Sulindac and other cyclooxygenase (COX) inhibitors exert their anti-inflammatory, analgesic, and antipyretic effects through the inhibition of prostaglandins, but the exact mechanism of their antineoplastic effects remains largely unknown (20). The antiproliferative and proapoptotic effects of sulindac on cancer cells have been attributed to both COX-dependent and COX-independent mechanisms, including alterations of important cell signaling and apoptotic molecules, such as survivin (21).
Survivin belongs to the inhibitor of apoptosis family of proteins (IAP; ref. 22). In contrast to most IAP members, survivin is normally expressed in developing tissues, the thymus, basal colonic tissues, endothelial tissues, and neural stem cells, but not in normally differentiated tissues (23, 24). Survivin expression is detected in a number of cancers and is implicated in cell-cycle regulation and inhibition of apoptosis (22). Furthermore, its expression has been detected in preneoplastic lesions, suggesting a possible participation in the induction of malignant transformation (23). Survivin expression is also detected in oral SCC but not in normal oral mucosa (24, 25).

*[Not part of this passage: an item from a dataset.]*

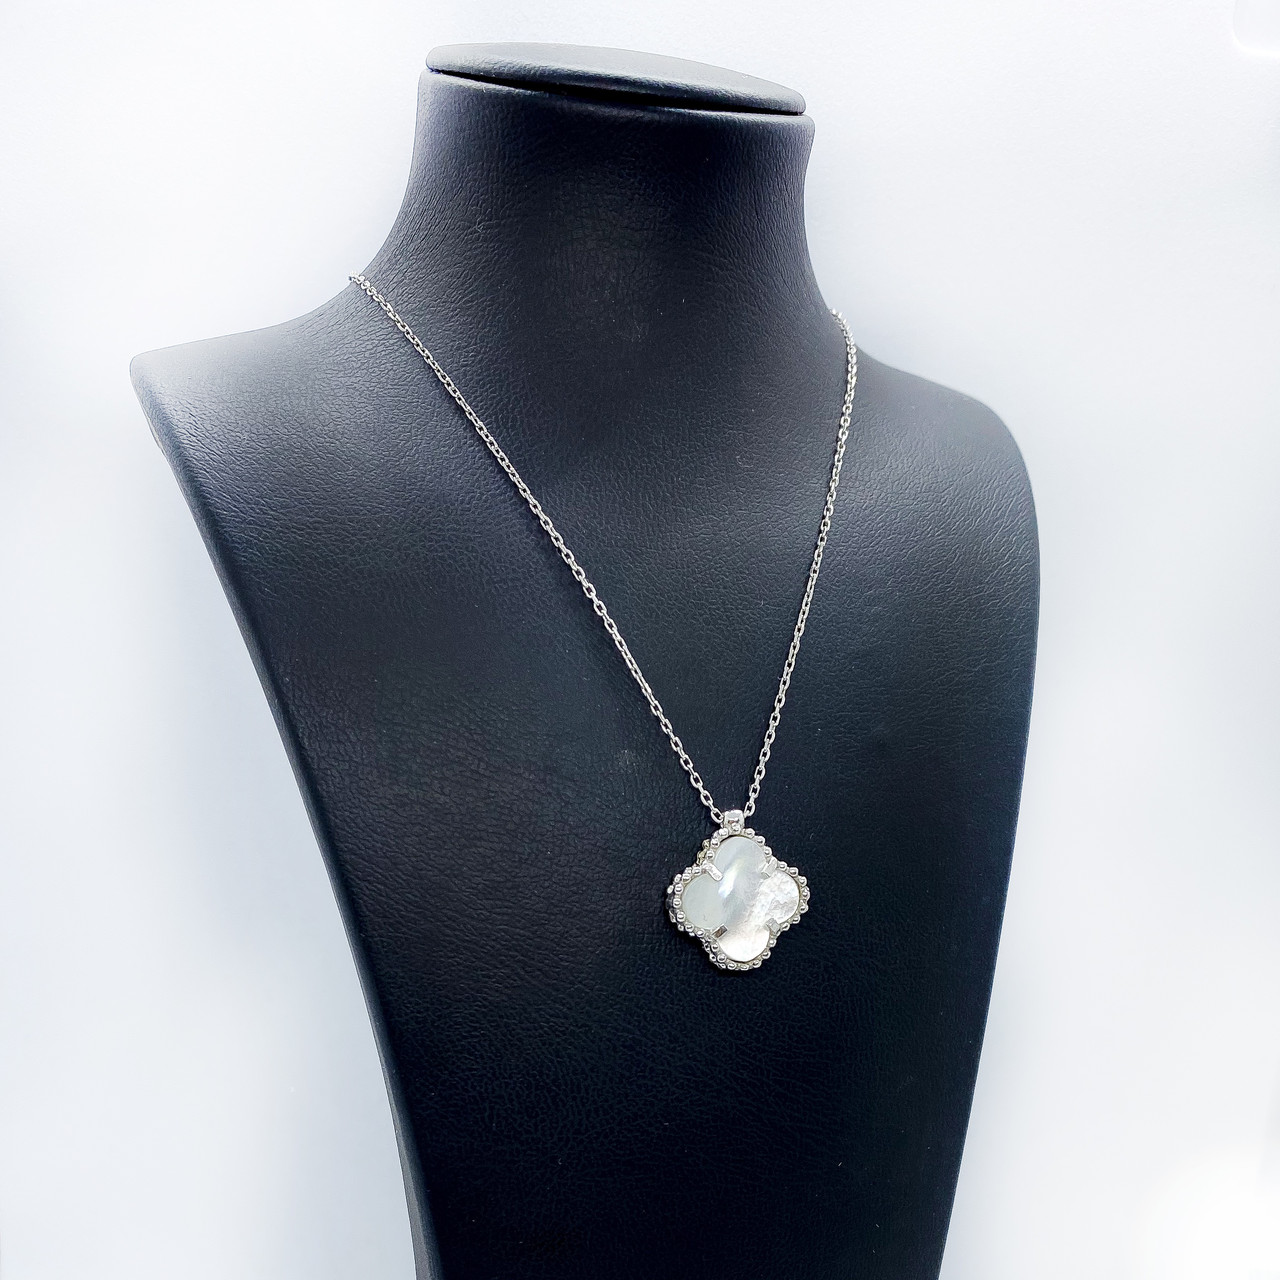 Кулон из серебра Beauty Bar  в стиле Van Cleef & Arpels с жемчугом

It has been shown that sulindac treatment of oral SCC cell lines causes cell growth inhibition and promotes apoptosis (21). Furthermore, it has been shown that cell growth inhibition of apoptosis and survivin downmodulation is a specific effect of sulindac that is not shared by other COX inhibitors and that survivin is a downstream target and effector of oncogenic Stat3 signaling in oral SSC, which is targeted by sulindac in a COX-2–independent manner (25). An in vivo study in athymic nude mice that developed tumors after subcutaneous injection of HEP-2 SCC cells showed significant regression of HEP-2 xenograft growth and downregulation of survivin protein levels in sulindac-treated mice versus untreated control mice (26).

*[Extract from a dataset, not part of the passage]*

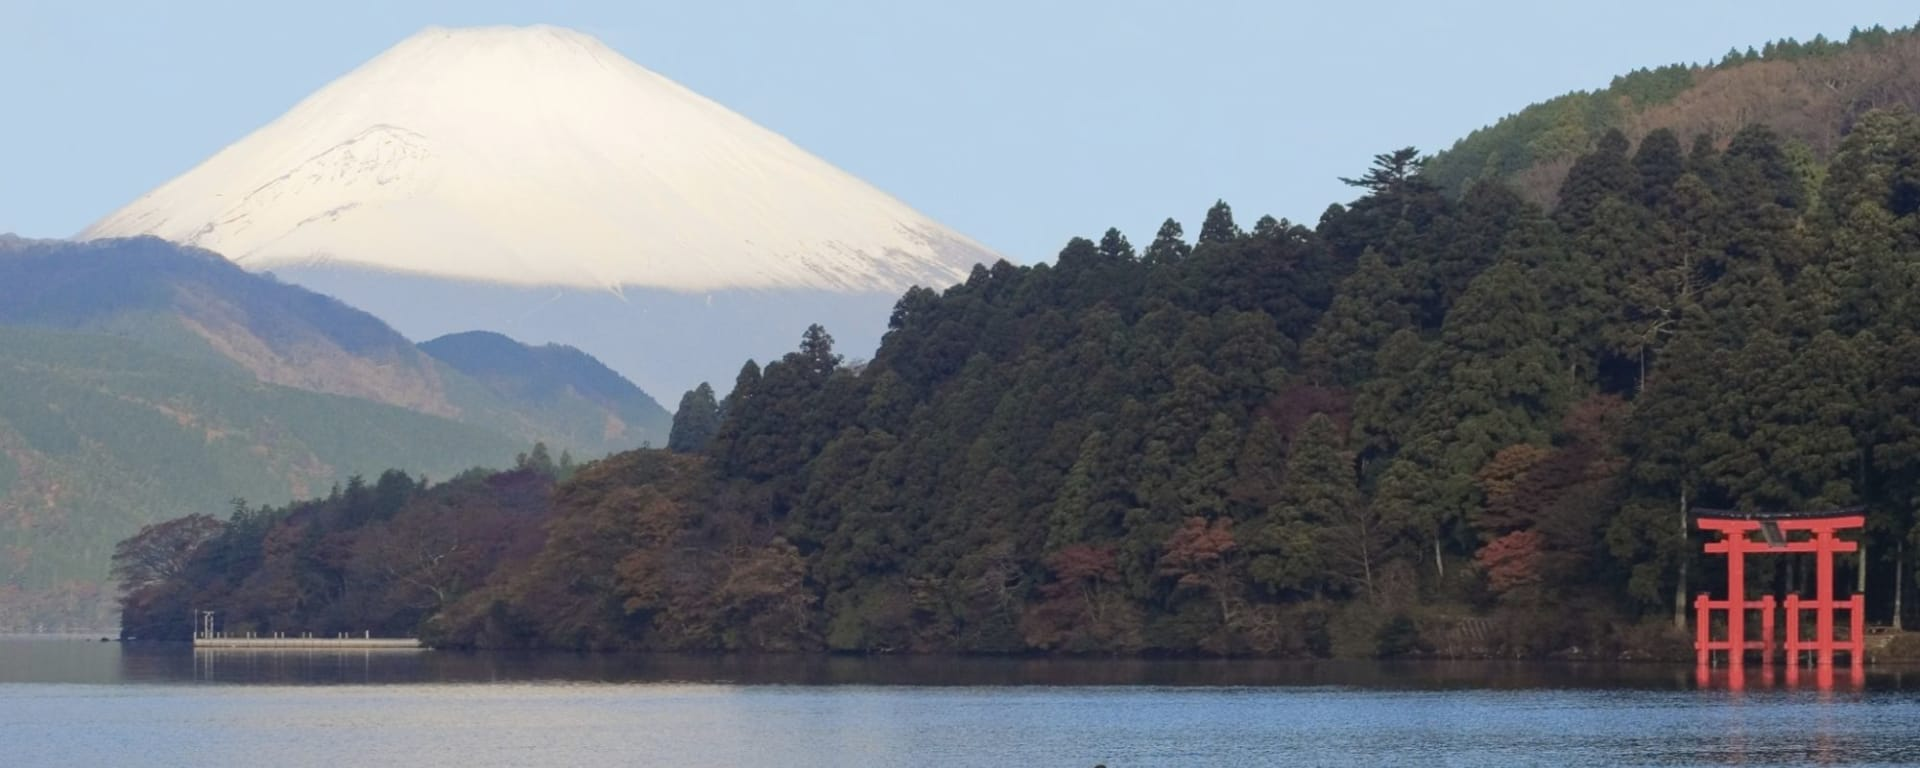 Klassisches Japan ab Tokio: Mt. Fuji: with lake

The hamster cheek pouch oral carcinogenesis model (HOCM) is the best known animal system that closely correlates with sequential common events involved in the development of human oral premalignant and malignant lesions (27, 28). In the HOCM, development of epithelial dysplasia occurs at weeks 6 to 9 and development of invasive SCC at weeks 10 to 14 of the carcinogenesis process (27, 29).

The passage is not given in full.